Katie watched as the other two nurses pulled out guns and ducked behind one of the control panels. The guards fired the first shots, using the main doors to the control room as shields.

“Don’t hit the girl!” J’lynn screamed. Katie trying looking for her handler but she was obviously hiding somewhere already. Not willing to risk bodily harm to save her pay check.

It was Jason who grabbed the stretcher and pulled it over dropping her painfully onto the floor. He used the stretcher as a shield, pulling it and her closer towards the broadcast desks in the room.

This is some kind of rescue, she said mentally to him. She was beginning to feel light headed and wondered if the stuff in the syringe was taking effect.

Well this isn’t exactly how I planned it, Jason replied. He pushed her underneath the nearest desk and pulled out his gun. You stay here and don’t move. Jason left her under the desk dragging the stretcher with him towards the far wall. She didn’t have much of a choice in obeying him, not with the extent of her wounds.
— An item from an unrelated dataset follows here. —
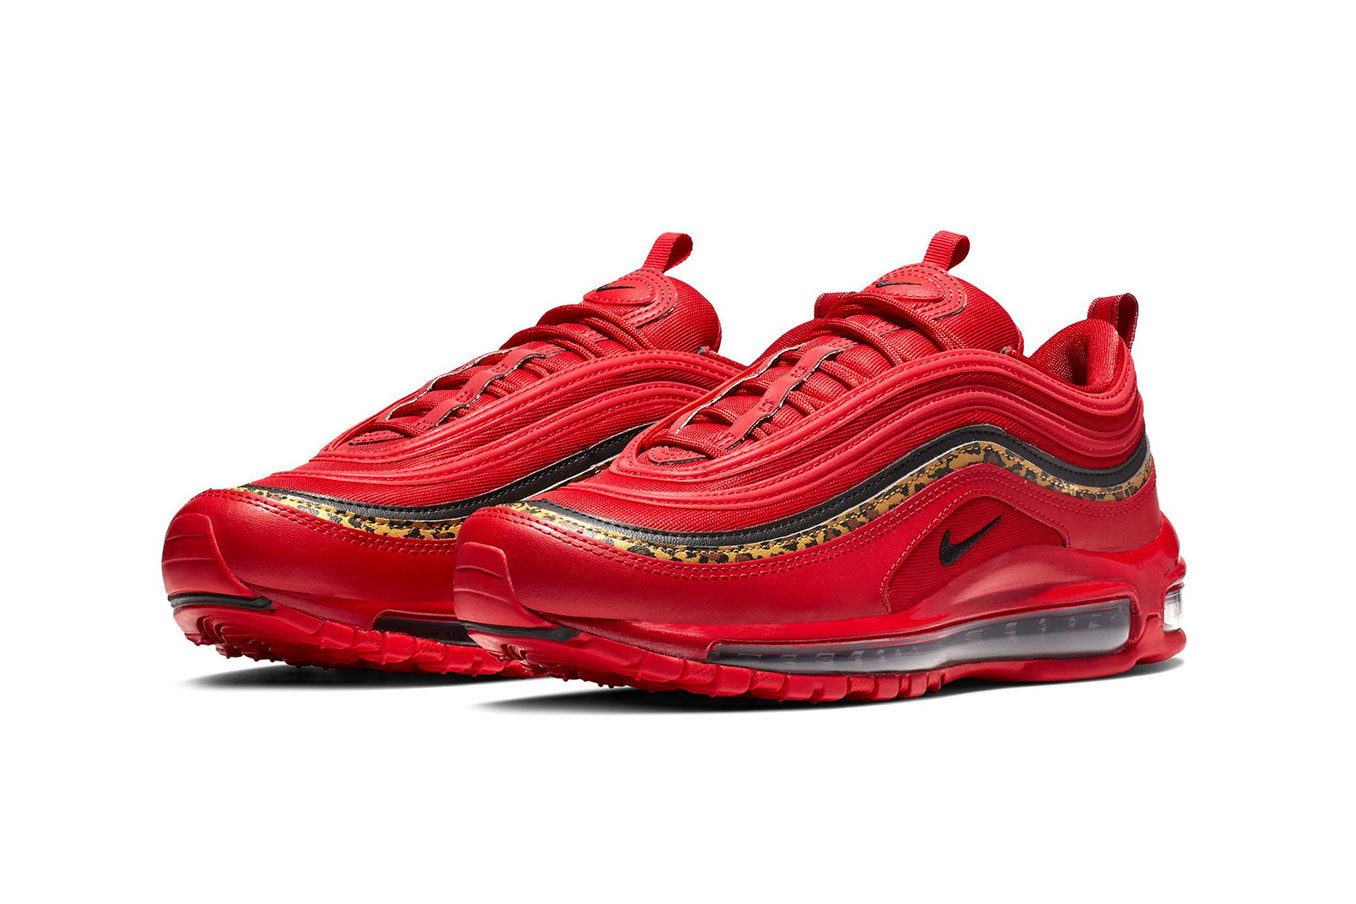 Celebrate the festive season with the bright red Nike Air Max 97 with "Leopard print"

What about… Katie started to ask him if she would loose consciousness but she already knew the answer. The guns shots sounded fuzzy, as if someone had turned the volume down low on a poor quality receiver, and it was hard to keep her eyes open.

But why me? Of all the people in the compound why would they risk saving her? And who where they?

Her eye lids seemed sealed shut with lead weights when she got part of her answer.

You alone could take down the Compound, Katie. We need you.

Katie never got to respond before she succumbed to the darkness.